No meio da Floresta Amazônica, no norte do Brasil, se esconde a vila homônima da cidade alentejana, Alter do Chão. Rodeada pelo Rio Tapajós o lugar é um convite à calmaria, com suas inúmeras praias de águas doces cristalinas e areia branca. O único perigo dali é querer ficar, cada morador conhece uma história de alguém que largou tudo para fincar os pés de vez nesse pedaço de paraíso.
Para se chegar à vila bastam alguns dias viajando de barco partindo de Manaus ou Belém ou, se o tempo é curto, bastam algumas horas de avião. Como eu e a minha esposa tínhamos poucos dias de férias, optamos por voar até Santarém – dali são 38 quilômetros até Alter. Ao entrar, pela primeira vez, na vila a impressão é que o tempo ficou suspenso até aquele momento da nossa chegada.

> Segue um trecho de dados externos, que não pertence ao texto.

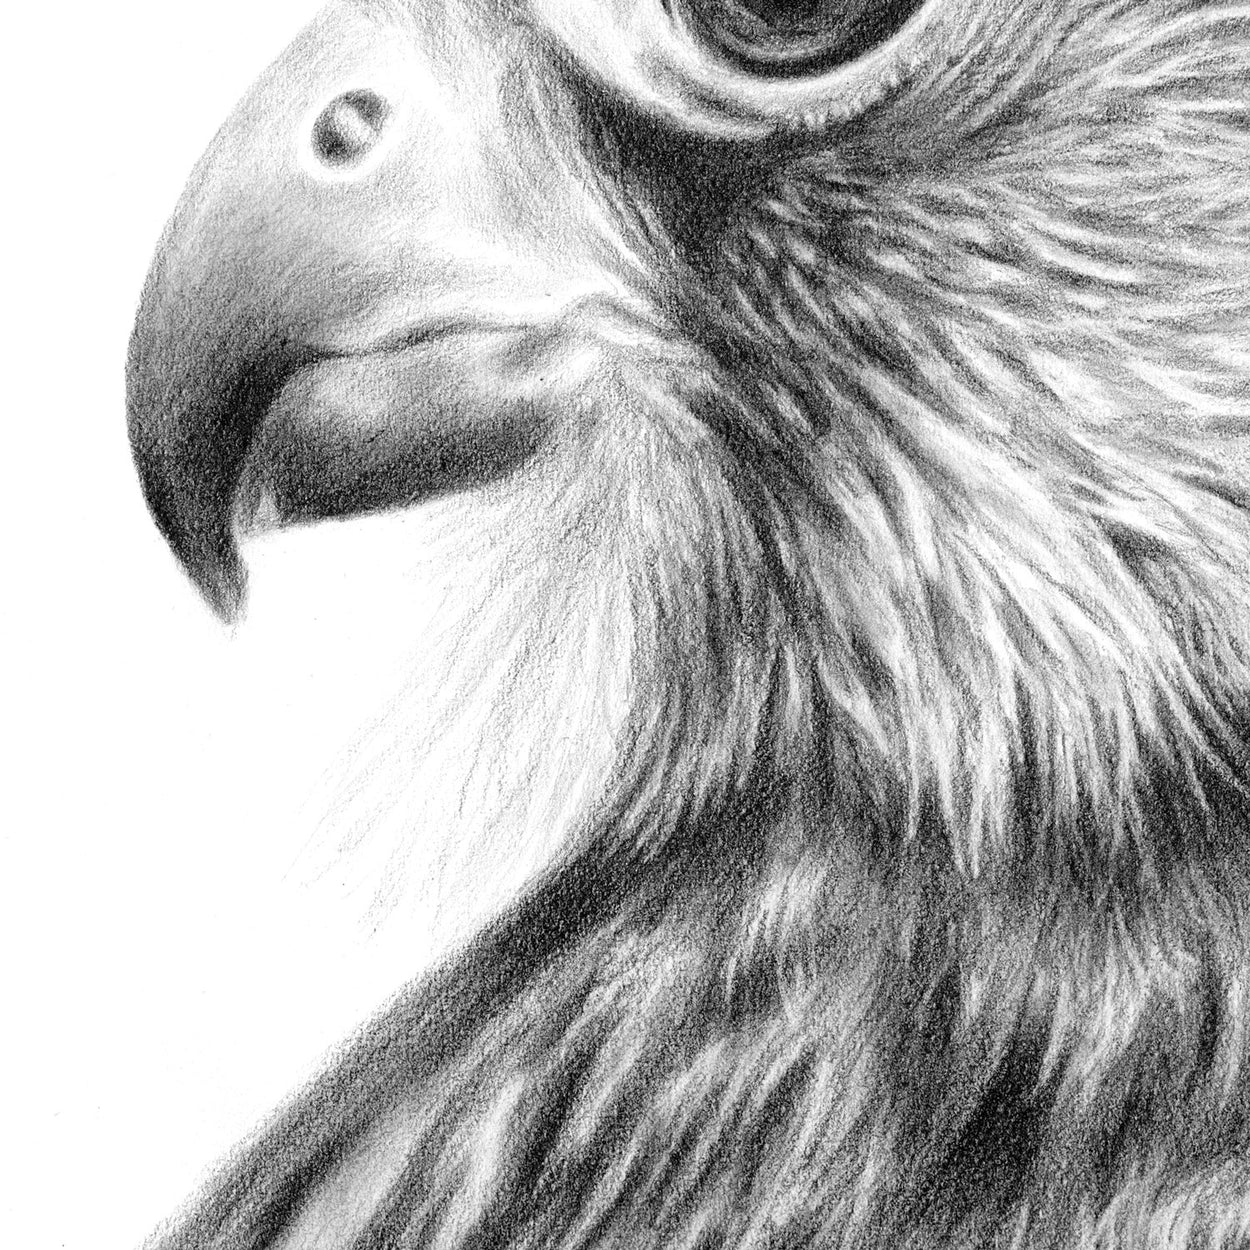 Kestrel Drawing Close-up 2 - The Thriving Wild - Jill Dimond

Apesar de ter sido fundada em 1626, durante o Brasil colonial, Alter do Chão não tem quase nenhum prédio histórico. As marcas do tempo estão nas embarcações ancoradas na orla, nas histórias dos pescadores e naquela brisa que sopra constante, que parece estar à nossa espera muito antes da chegada dos portugueses ali. O calor ultrapassa os 35 graus, na época mais fria do ano em Alter do Chão, em agosto. Para os moradores locais há apenas duas estações do ano: a das chuvas e a da estiagem. A visita entre estes dois períodos, quando o Rio Tapajós ainda está cheio, escondendo algumas praias, mas revelando uma exuberante tonalidade de verdes nas árvores e na vegetação local, que parece agradecer o alívio após um grande tempo sem chuvas.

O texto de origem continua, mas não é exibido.